Perhaps the issue is that we love disasters. We watch reality shows to see conflict and drama (and they are cast to ensure we get those things). We love to be shocked by celebrity misbehavior and scandal. The news only gives us what we want. “If it bleeds, it leads” has long described local TV news — news programming is constructed that way because it has been proven to attract viewers.
Keeping us afraid
More sinister explanations are also offered. Perhaps, it is claimed “they” (whoever “they” are) want us to be afraid. If we are afraid of crime (even though it is on the decline) and afraid of terrorists (even though they mostly kill people far away) then we don’t ask too many questions about why so much power flows to the government and so much money flows to the rich.
Since 1989 we are no longer afraid of the Soviets and their nuclear missiles, so we have to be afraid of something else. If not pollution or cancer-causing agents in our foods, then maybe it’s the immigrants who are coming to get us. For awhile we feared that Japan would take over the world, now we’re betting the Chinese will do it. And if not a foreign country, perhaps we can still even fantasize about a fictional zombie apocalypse that we could fear.
Terrorism provides an ideal way of stirring up general and widespread fear. It could be anywhere, could affect any of our activities at any time. Therefore any intrusions on privacy, police questioning or orders to turn over information can be passed off as a countermeasure to terrorism.
Frightened people do what they are told.
Maybe it’s actually getting worse
It is always possible that the increase of bad news is because there really is more bad news. Consider some large-scale truths about the United States and its historical arc over the past 50 years: vastly increased concentration of wealth in the hands of a few, the evaporation of blue-collar jobs that would support a middle-class life, the destruction of millions of Americans’ pensions. Add to that a breakdown of various forms of social restraint and decorum in favor of informality and self-expression.

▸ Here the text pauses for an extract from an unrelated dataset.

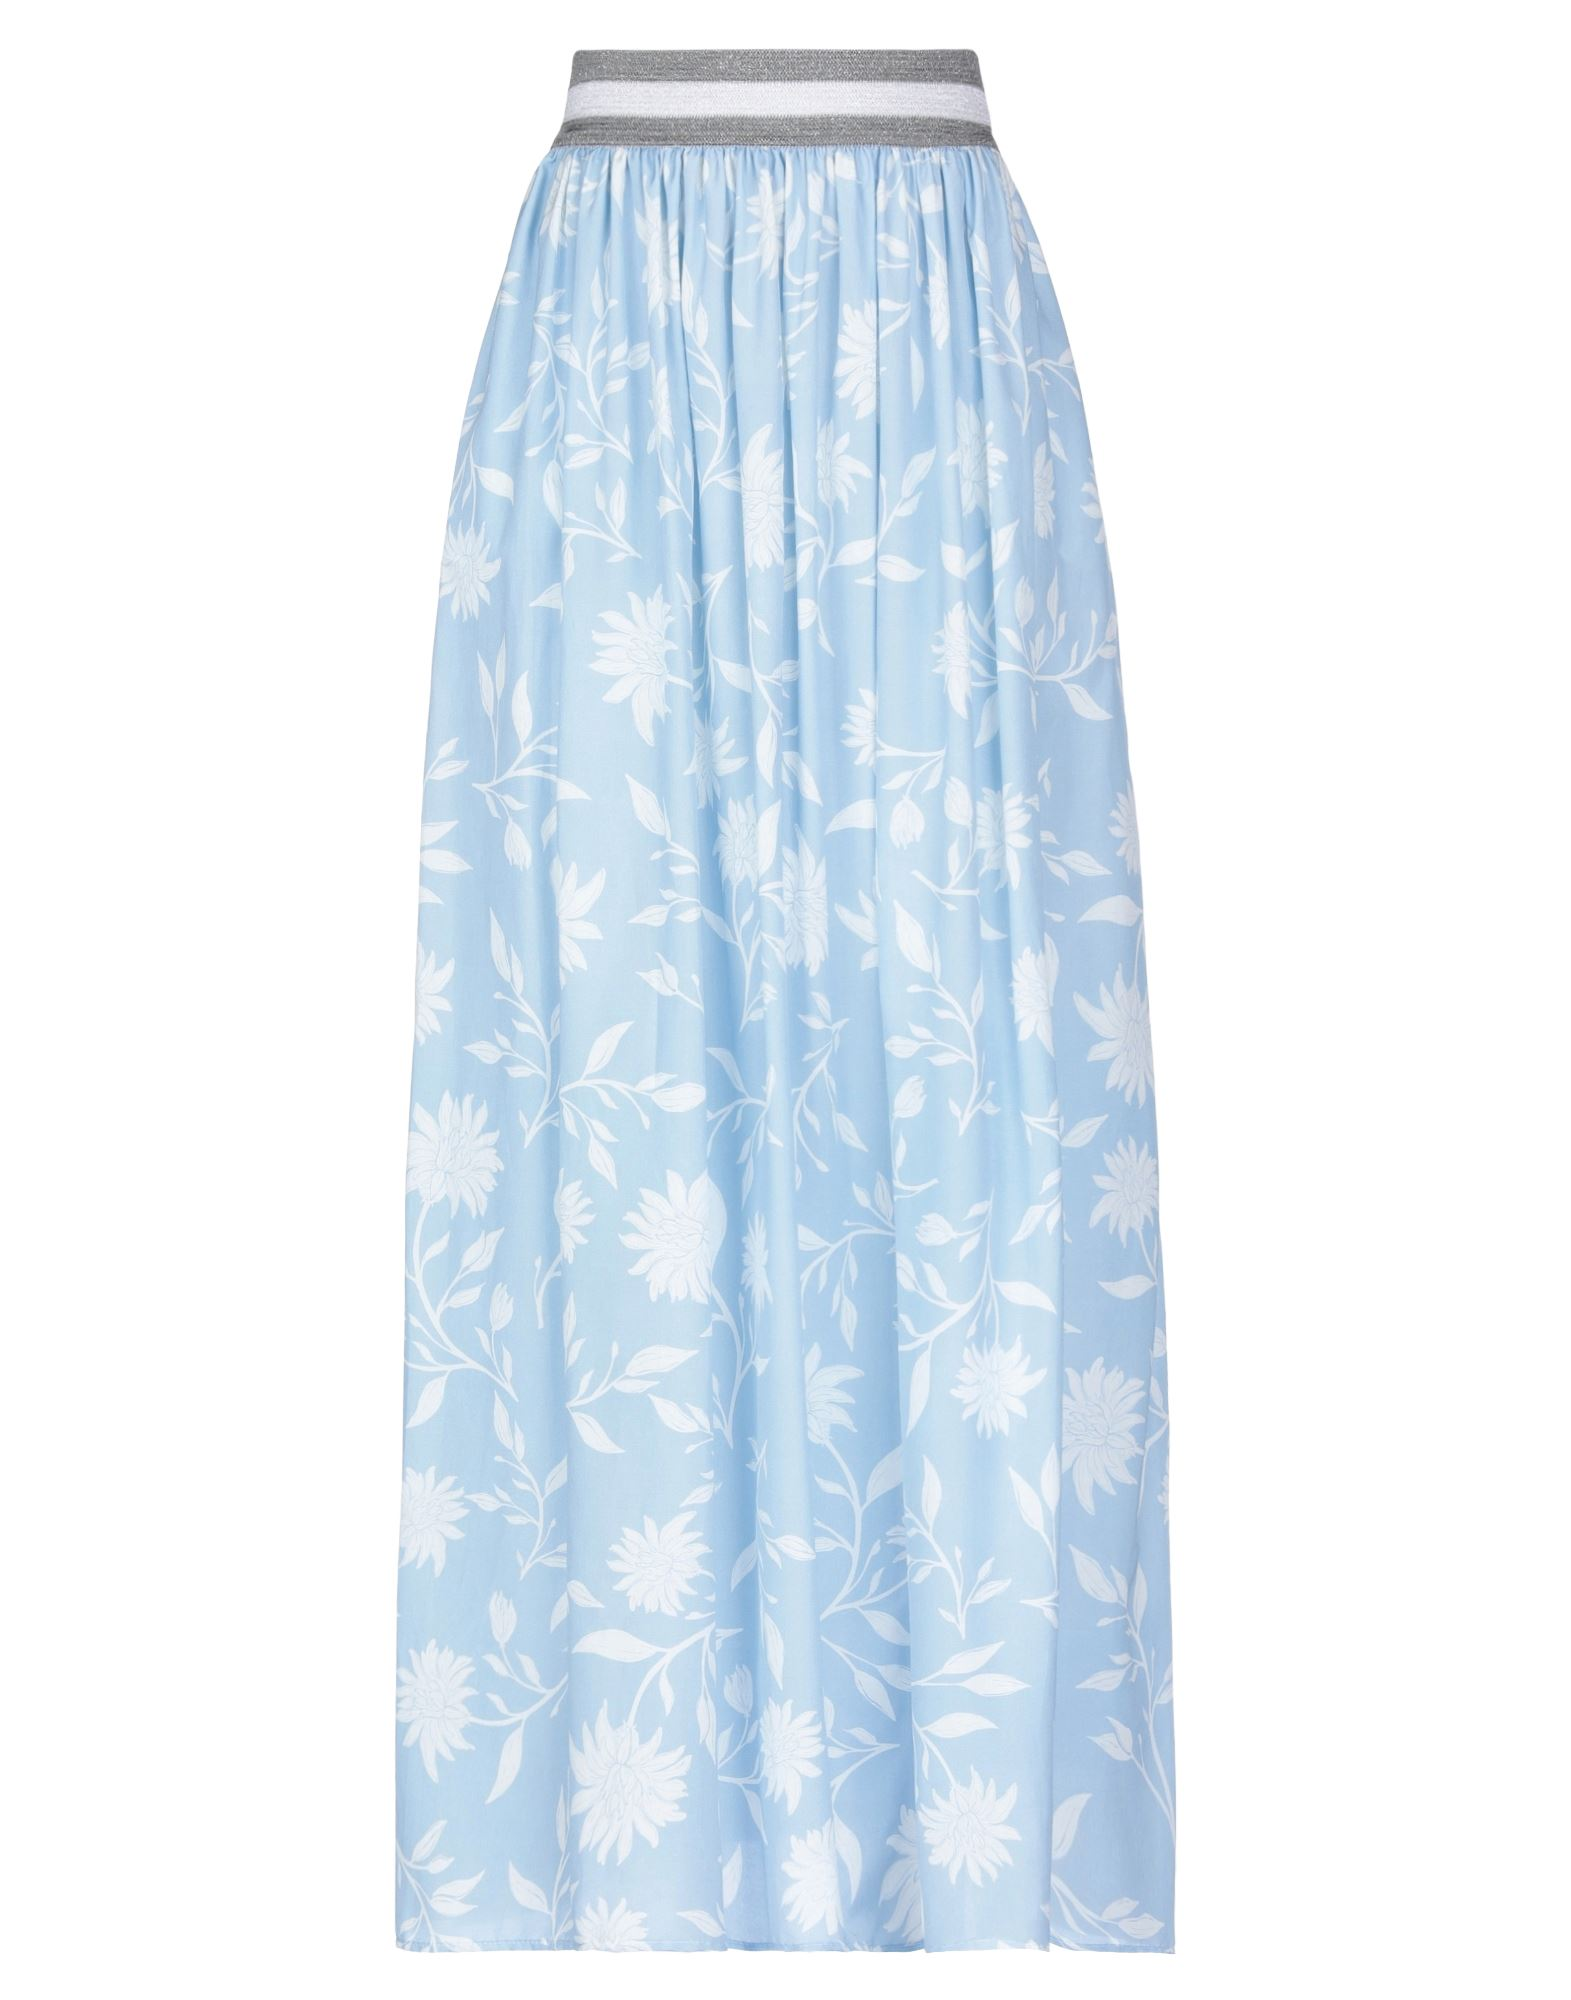 Фото - BIANCALANCIA Длинная юбка biancalancia накидка
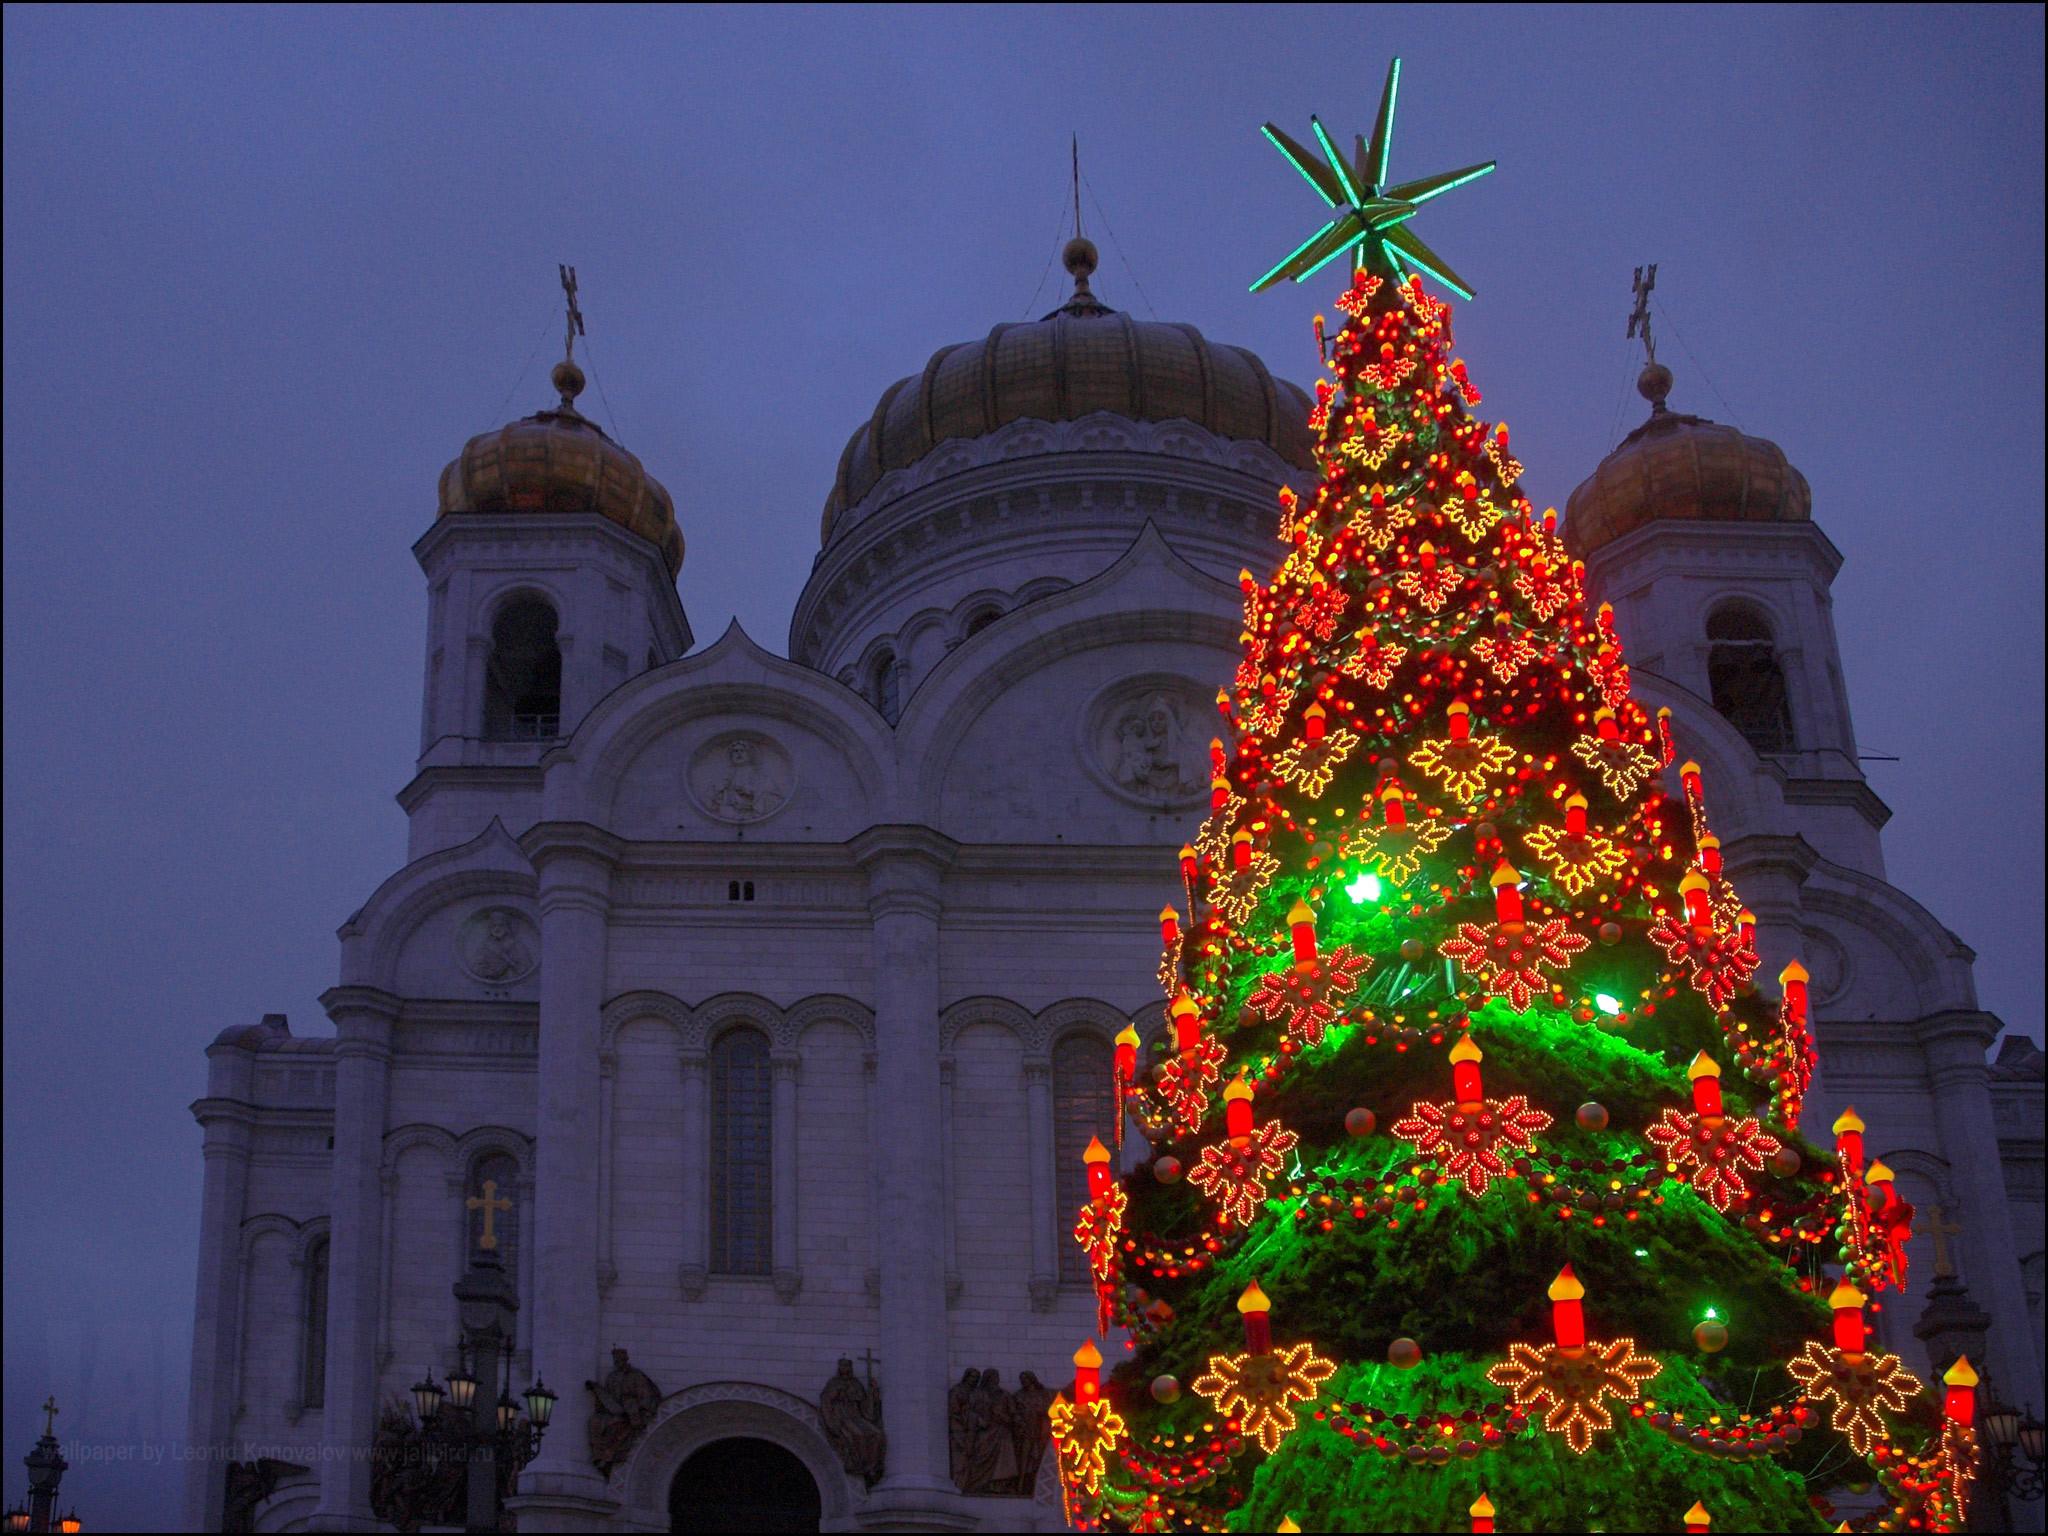 Тебя, рождество в россии картинки и фото

It isn’t all bad: few would want to go back 50 years to when Blacks couldn’t vote, racist language was publicly acceptable, women couldn’t have careers, violence against women was thought mostly to be a myth (or worse, justified), homosexual leanings were considered a disease and the disabled often found it near-impossible to move about our cities.
So while there has been considerable progress, when the dust settles, it does seem unarguable that something has gotten worse. Our future has constricted. Be it our political liberties or our personal finances, fewer and fewer of us think the future is one of ease and plenty. Few assume our children will have it easier than we did. Both partners in marriages now work — not just because women are breaking barriers but because a household can no longer be supported otherwise.
The financial system blew up in 2008, it didn’t exactly get fixed, and the aftershocks keep coming. Trillions — literally, trillions — were spent on post-9/11 wars and we have basically nothing to show for it except a deteriorating infrastructure of bridges, schools, sewers and electric power grids we can’t afford to repair.
The greatest?
The rhetoric of American greatness continues; no politician would dare suggest that other countries had better health care, taller buildings, faster passenger trains or more astute ways of keeping everyone safe.
Day in and day out, the steady drip of bad news make us wonder if that rhetoric doesn’t ring hollow.